When scholars debate, they are often not just presenting ideas; they are trying to triumph over other ideas. This was never the purpose of academic debate. The point of intellectual confrontation was once to push boundaries, to refine old knowledge by bringing in new perspectives. Today, however, the trend is to mock alternative viewpoints, to caricature opposing interpretations rather than understand them. What begins as intellectual oneupmanship in classrooms and conferences slowly seeps into the political sphere and then into popular discourse.
The study of history, especially in India, has suffered enormously from this attitude. One can see this in the polarised way historical figures and episodes are discussed. When a ruler’s legacy is invoked, there are only two acceptable narratives. One side glorifies, the other demonises, and the space for critical, balanced analysis disappears.

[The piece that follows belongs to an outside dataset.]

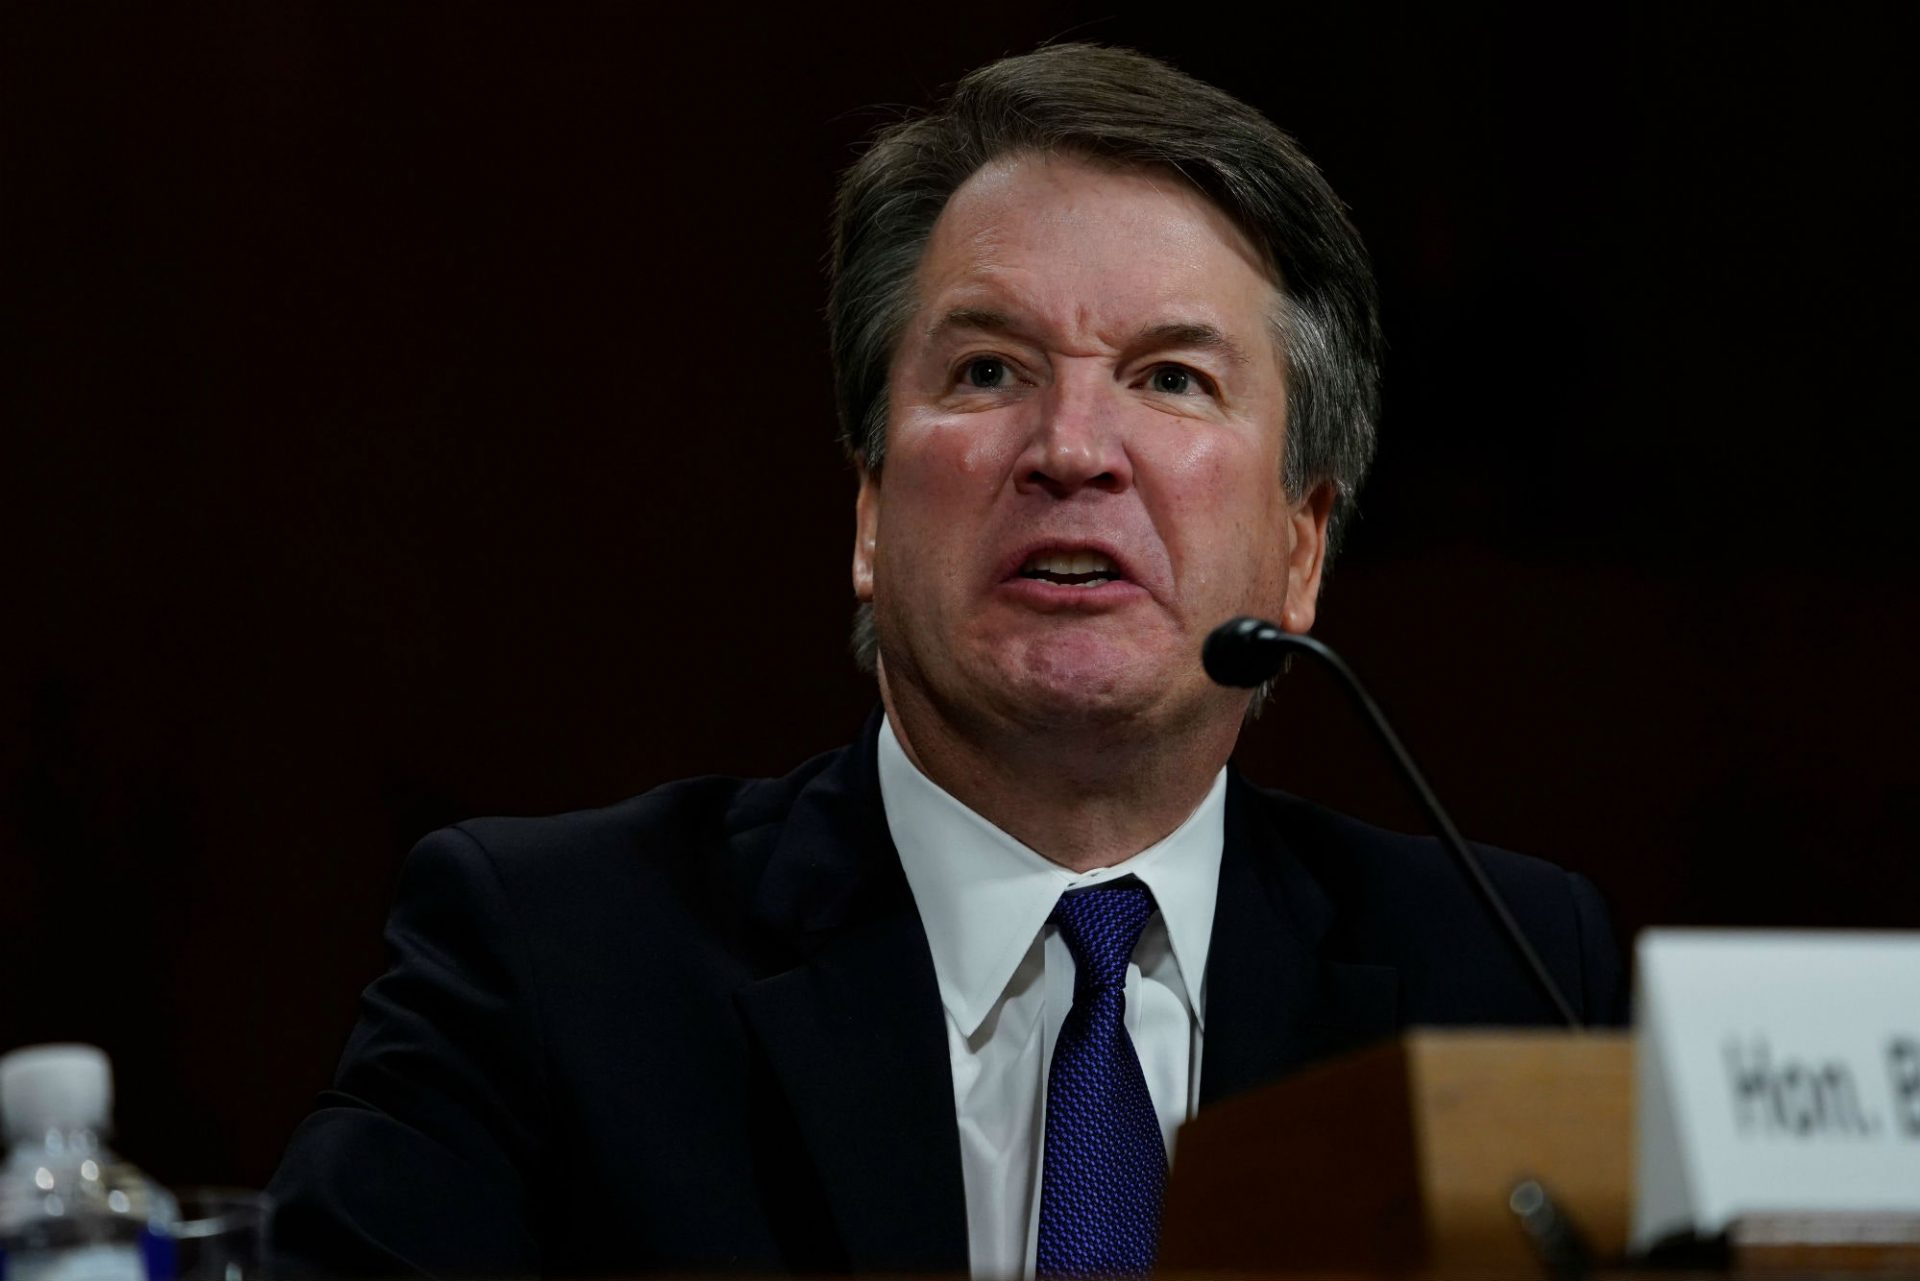 Brett Kavanaugh Solutions Young folks Deserve Life in Prison With No Chance of Parole

Consider the case of Tipu Sultan, a ruler who has become a lightning rod for modern ideological battles. On one side, right-wing narratives portray Tipu as a barbarian who oppressed Hindus and destroyed their temples. On the other, left-leaning narratives describe him as a proto-secular ruler who treated Hindus and Muslims equally, who funded temples and mosques alike, and was no different from a Hindu king.
When one examines historical records closely, both positions are misleading. Tipu Sultan patronised temples in his core Mysore territories, such as the Chamundeshwari Temple and the Ranganathaswamy Temple at Srirangapatna, granting funds and protecting their rituals. At the same time, his armies looted temples during military campaigns in Malabar, as seen in the case of the Guruvayur Temple, though the idol was saved.
Neither story – the hero nor the villain – captures the complexity of a ruler who acted as both a patron and a plunderer, depending on political expediency and ideological context. But both the right and the left refuse to accept this layered reality because each side is less interested in history and more invested in an agenda.
The same distortion applies to another lesser-known historical story: the Somnath temple in Karnataka.
Popular imagination focuses on the 10th-century raid of the Somnath temple in Gujarat by Mahmud of Ghazni – an episode repeatedly invoked to depict Islamic iconoclasm. But very few mention that in 12th-century Karnataka, Jain shrines were gradually replaced or converted into Shaiva (Shiva) temples, like the Somnath temple at Lakshmeshwara. This shift reflected changing religious patronage as Shaivism rose and Jainism declined in political power.
The Shaiva-Jain conflict was not a minor footnote in medieval Karnataka’s history. It was a structural transformation of society and religion. But it rarely features in mainstream political debates because it doesn’t fit either side’s neat storyline. What these two examples reveal is not simply distortion of historical facts, but a crisis in how we approach knowledge itself. Debate, which should ideally lead to greater understanding, has become a tool for triumphalism. Instead of absorbing multiple perspectives and creating a fuller picture, academic and political debates encourage mutual exclusion: if one side is right, the other must be entirely wrong.
A nation-state needs loyal citizens, especially when it is surrounded by hostile nation-states. This poses a problem for historians. Should history indulge the needs of the nation? Or should it criticise the nation’s past in the pursuit of truth? Should we downplay conflicts of the past that can threaten the nation’s fabric?
For the right-leaning, it is all about religion. For the left-leaning, religion is just cultural whitewashing; the real reason is wealth and power. The former insists they are nationalists, which makes their opponents anti-national. The latter insists they are truth-seekers and justice-seekers, despite being driven by ideology. History remains more belief-based, i.e. mythical, than academicians are willing to admit.